Horn After 10: Greg Harder and Morgan Young

HE-2022-10-year-Greg-Harder-Morgan-Young (600 × 315 px)

In 2018, Greg Harder earned a bachelor of science in marketing at the University of Delaware, and Morgan Young earned a bachelor’s degree in fashion and apparel design. And through their exposure to entrepreneurship at Horn Entrepreneurship, they have combined their degrees to nurture andagain, a sustainable luxury fashion label that they co-founded in 2016, starting with hand-distressed jeans.

“Our journeys through school, through Horn, after school and then beyond really benefited from our early interest in entrepreneurship,” Harder said.

“One thing that [faculty director of venture support] Vince DiFelice and others did a really good job at is that entrepreneurship teaches you like really foundational skills that have relevance if you’re going to keep pursuing your own business and actually get a company off the ground, but beyond that translate really well into a traditional career and then job placement elsewhere.”

Harder and Young have used those skills to move andagain from Delaware to Brooklyn and now downtown Los Angeles. They have also used those skills to adjust from working full-time on andagain to working part-time on it, with full-time jobs at other startups.

They’re sometimes walking ads for andagain, in items they both use.
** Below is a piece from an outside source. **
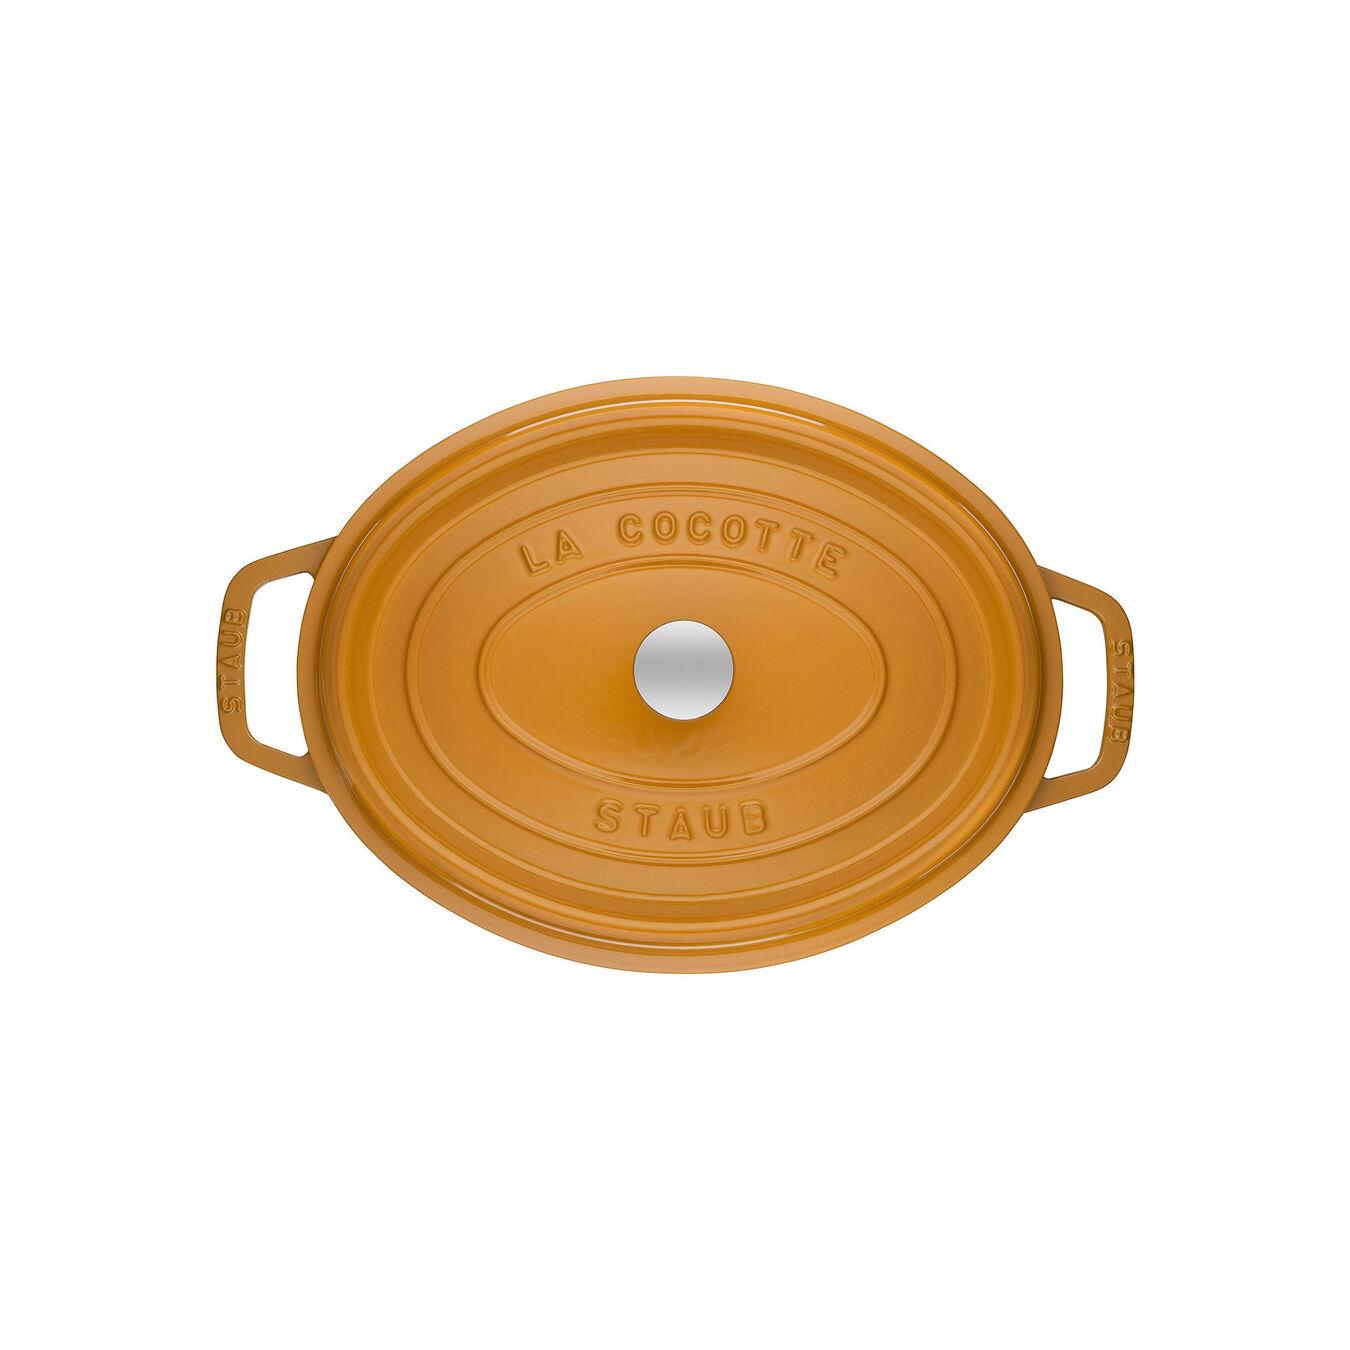 Cocotte 31 cm, Ovale, Moutarde, Fonte,,large 2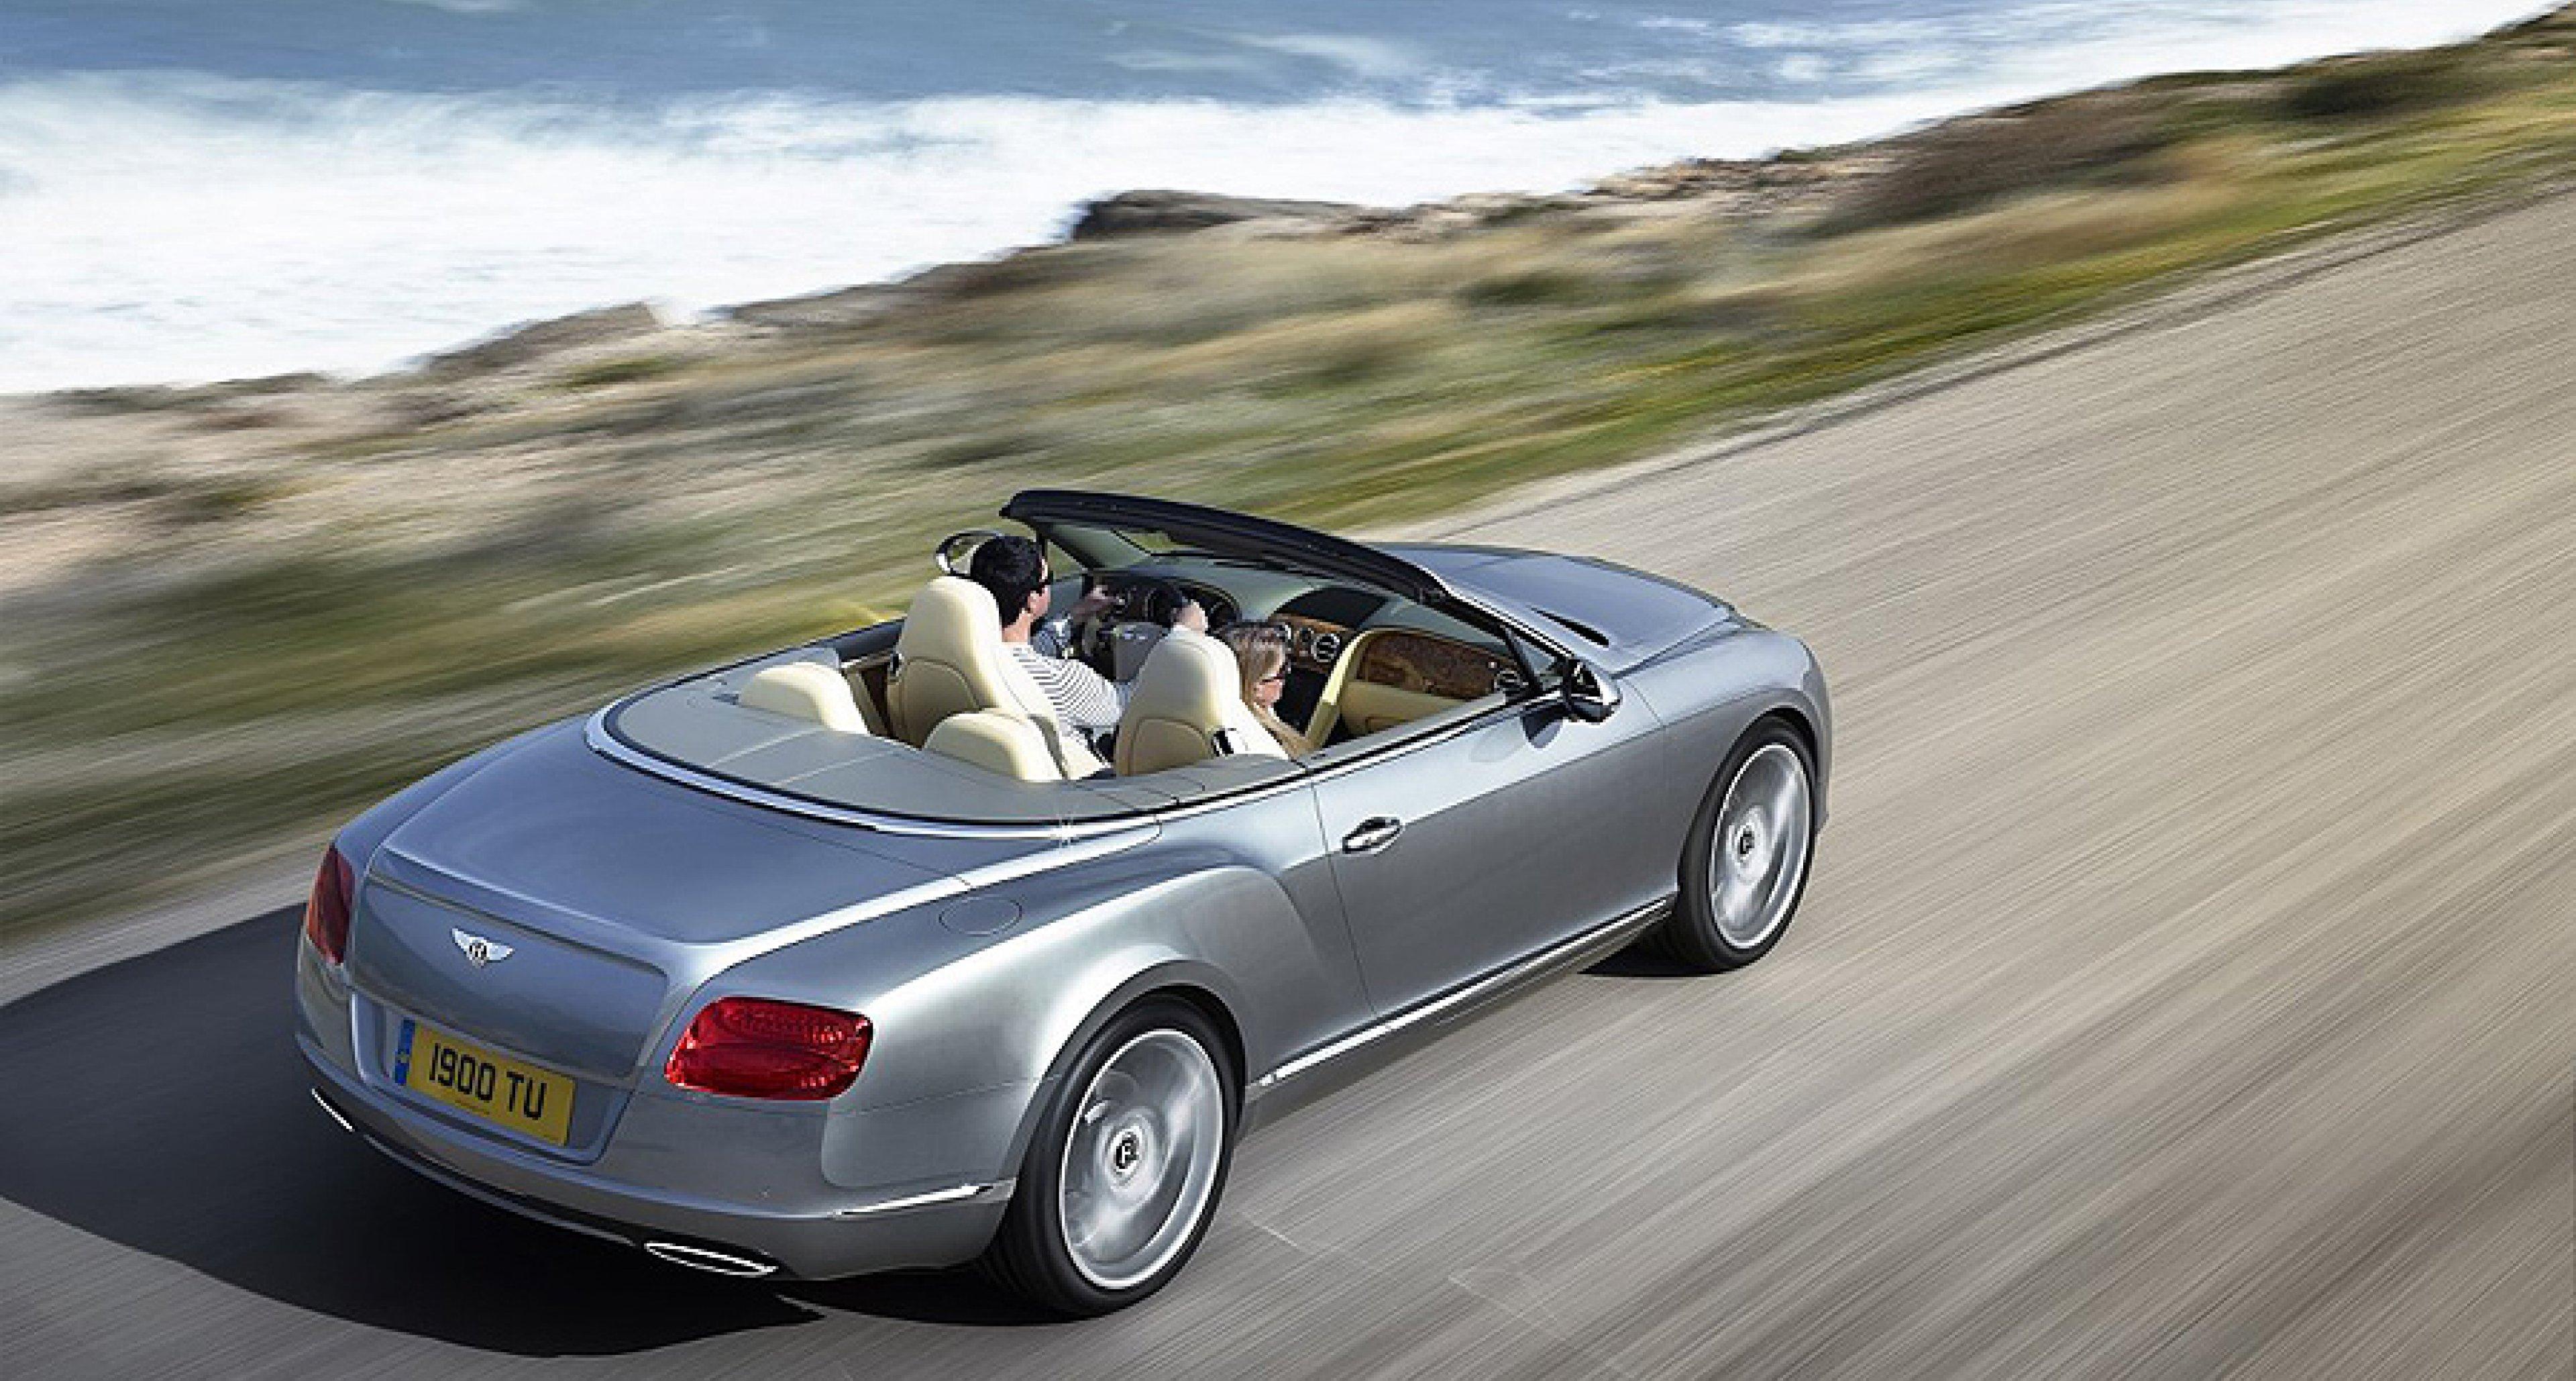 New Bentley Continental GTC to debut at Frankfurt

They own a few jackets that Harder (men’s medium) and Young (women’s small) both like to wear, and their bags are genderless.

“It’s actually a really easy way to start a conversation with people, especially if we’re trying to have it happen in a retailer we want to develop relationship with,” Harder said. “I just want the conversation to start organically, and maybe five or six times out of 10, people will say something about what we have because the pieces are really unique and strike their attention.

His personal style 

“I was at a cafe with a bag, carrying my laptop and stuff, and someone recognized the work and came up to me,” he said. “They’re definitely fun conversations to have.”

Their work is definitely striking. One tote features oyster shells. Grommets recur. Several items are labeled “zero waste.” Products are sold online, and they wholesale to one store in Oregon.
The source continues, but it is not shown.